Visual learning curve analysis

Fingers_1 %>% 
  filter(RT < 30) %>% 
  ggplot(aes(x = trial,
             y = RT)) +
  #geom_point() +
  geom_smooth(se = F) +
  facet_wrap(~Part, scales = "free_y")
## `geom_smooth()` using method = 'loess' and formula 'y ~ x'

Fingers_1 %>% 
  filter(RT < 30) %>% 
  ggplot(aes(x = trial,
             y = RT,
             group = Part)) +
  facet_grid(~Block) +
  geom_smooth(se = F)
## `geom_smooth()` using method = 'loess' and formula 'y ~ x'

Fingers_1 %>% 
  filter(RT < 30) %>% 
  ggplot(aes(x = trial,
             y = RT,
             group = Part)) +
  geom_smooth(se = F)
## `geom_smooth()` using method = 'loess' and formula 'y ~ x'

Non-linear multi-level regression

Three-parametric exponential learning curve in ARY parametrization:

  1. Amplitude: possible amount of learning
  2. Rate: how fast a person learns
  3. asYmptote
F_ary <- formula(RT ~ asym + ampl * exp(-rate * trial))

Random effects. Here we assume that sequences are exchangeable and take enough with a participant-level model. If the sequences differ, e.g. containing different movements, we would need sequence-level random effects, too (1|)

F_ary_ef_1 <- list(formula(ampl ~ 1|Part),
                   formula(rate ~ 1|Part),
                   formula(asym ~ 1|Part))

Weakly informative priors

F_ary_prior <- c(set_prior("normal(5, 100)", nlpar = "ampl", lb = 0),
                 set_prior("normal(.5, 3)", nlpar = "rate", lb = 0),
                 set_prior("normal(3, 20)", nlpar = "asym", lb = 0))

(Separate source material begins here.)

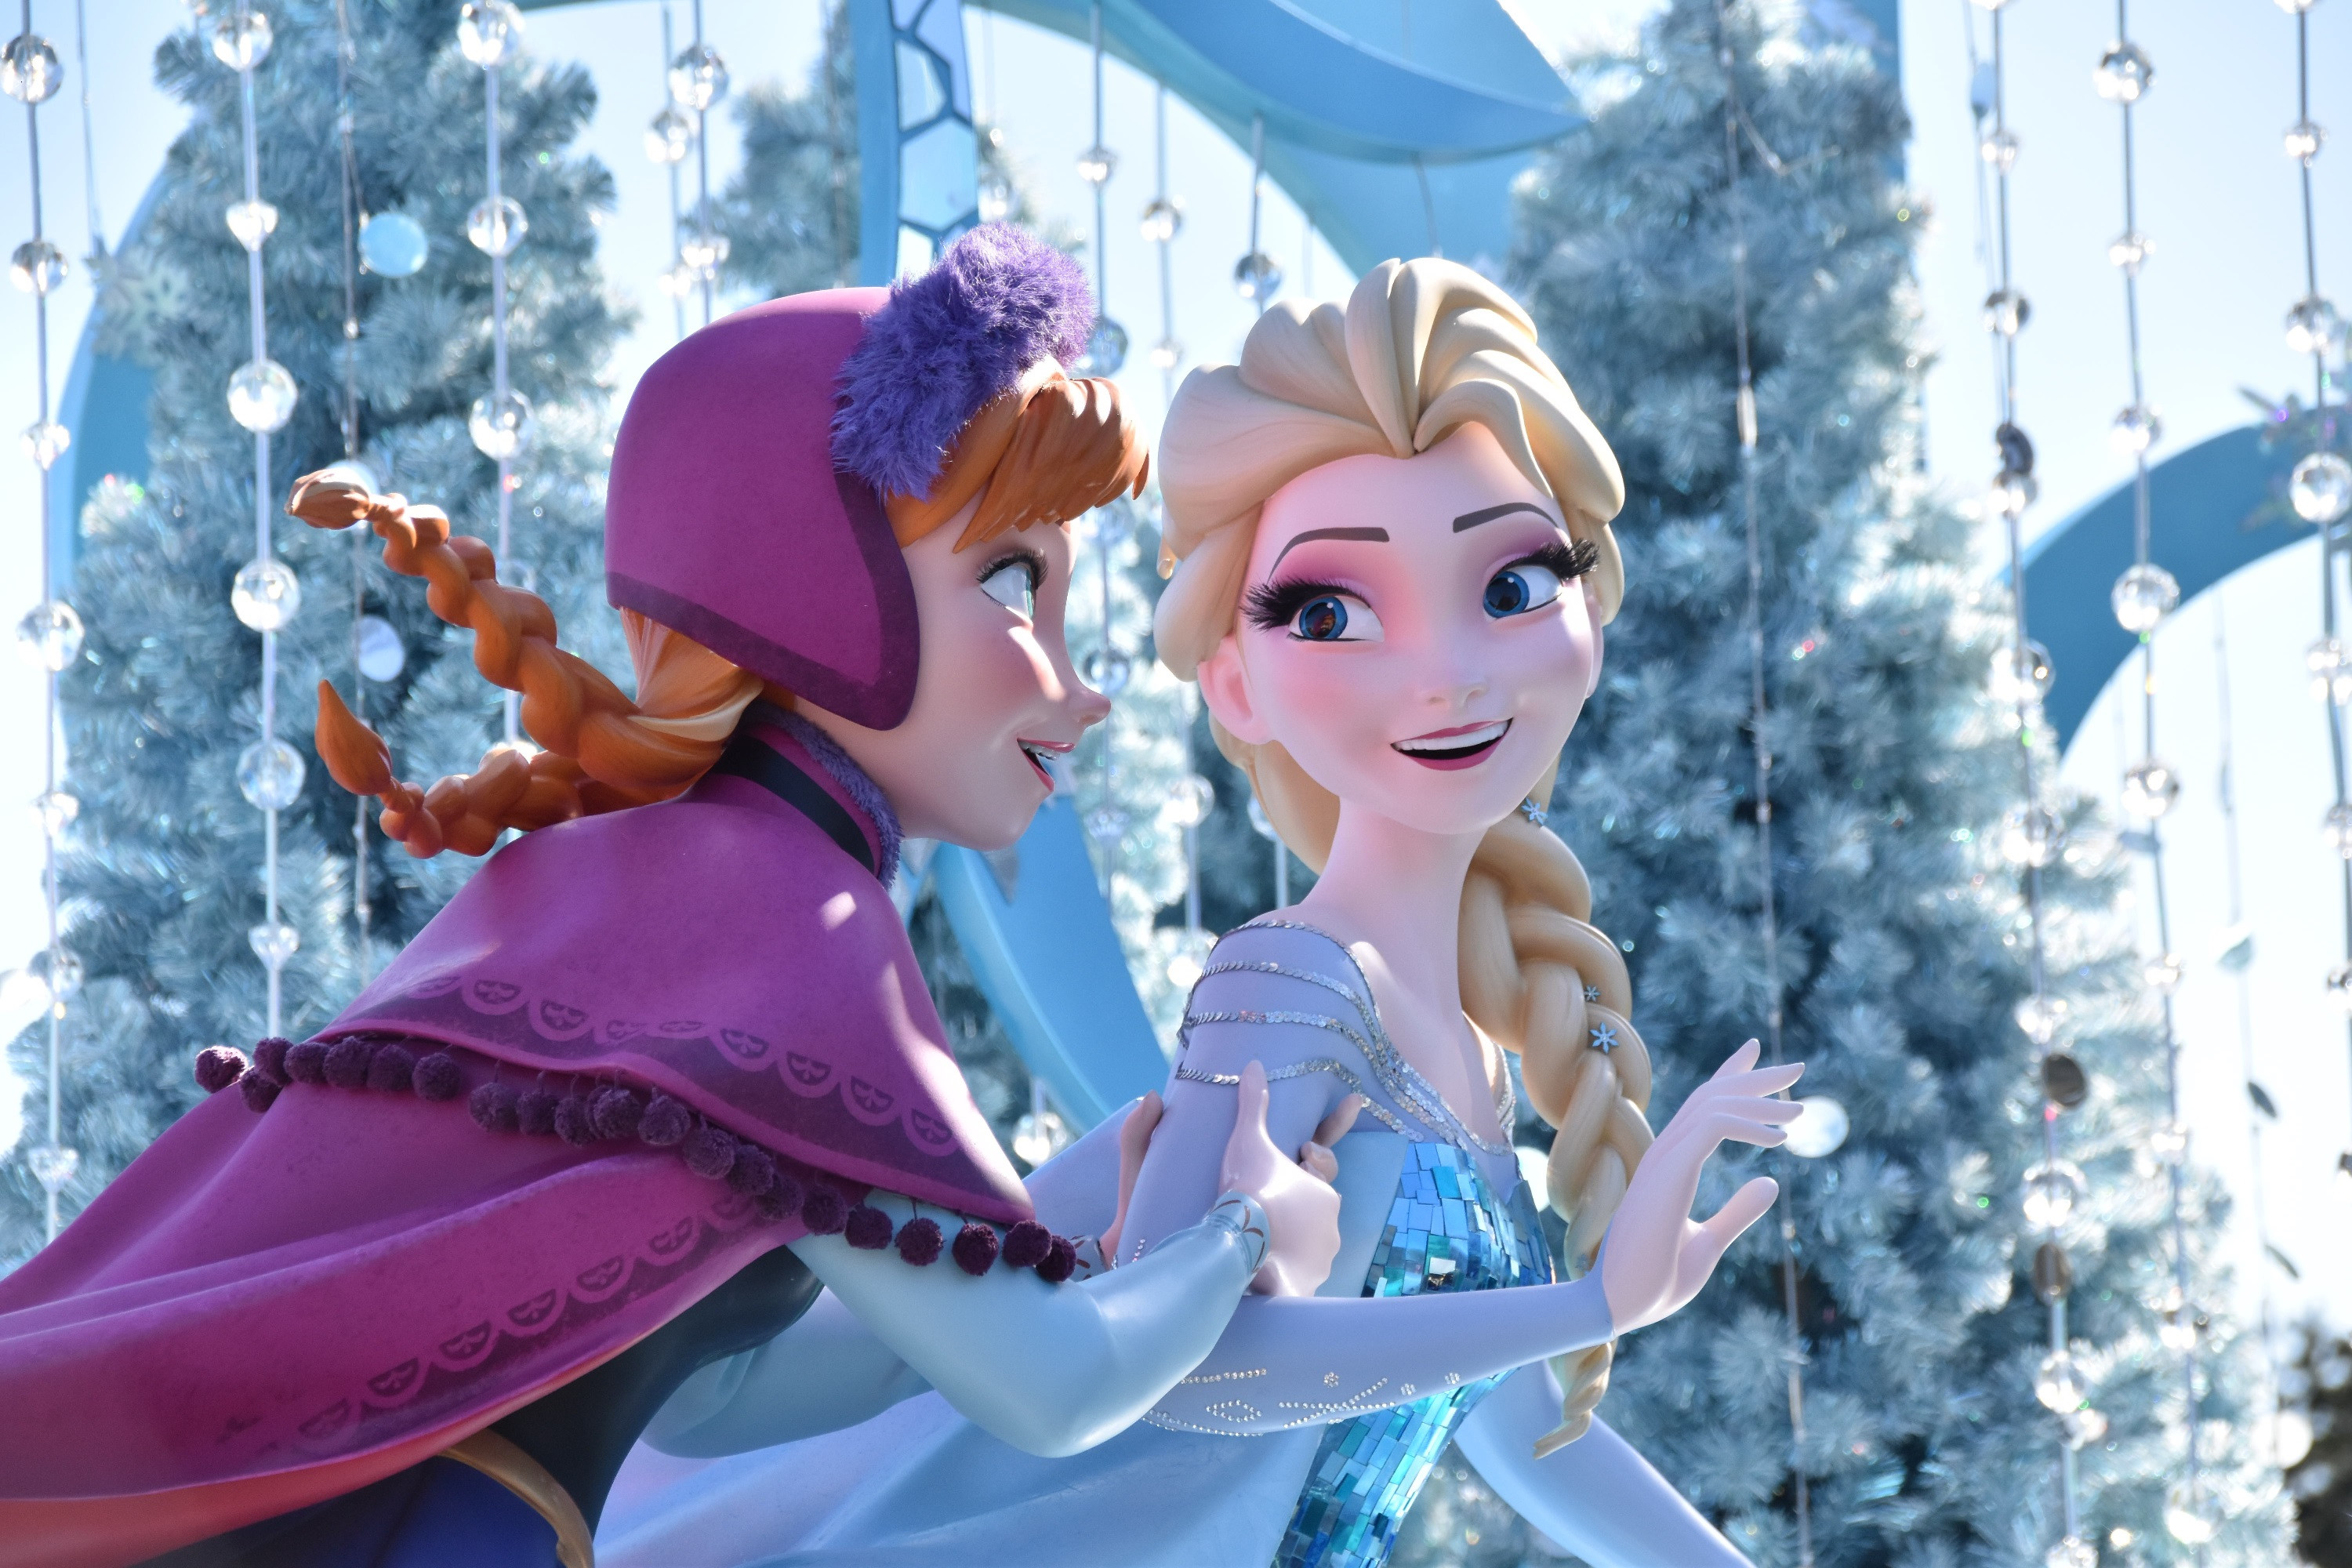 アナと雪の女王 ストーリー キャラクター 続編 アナ雪2 やスピンオフまとめ 大人気となった歌も

Running the model. The Exgaussian error distribution is suited for reaction times (which are not Normally distributed).

M_1 <- 
  Fingers_1 %>% 
  brm(bf(F_ary,
         flist = F_ary_ef_1,
         nl = T), 
      prior = F_ary_prior,
      family = "exgaussian",
      data = .,
      iter = 10000, 
      warmup = 8000)

P_1 <- posterior(M_1)
PP_1 <- post_pred(M_1, thin = 10)
  
save(M_1, P_1, PP_1, Fingers, Fingers_1, file = "Fingers.Rda")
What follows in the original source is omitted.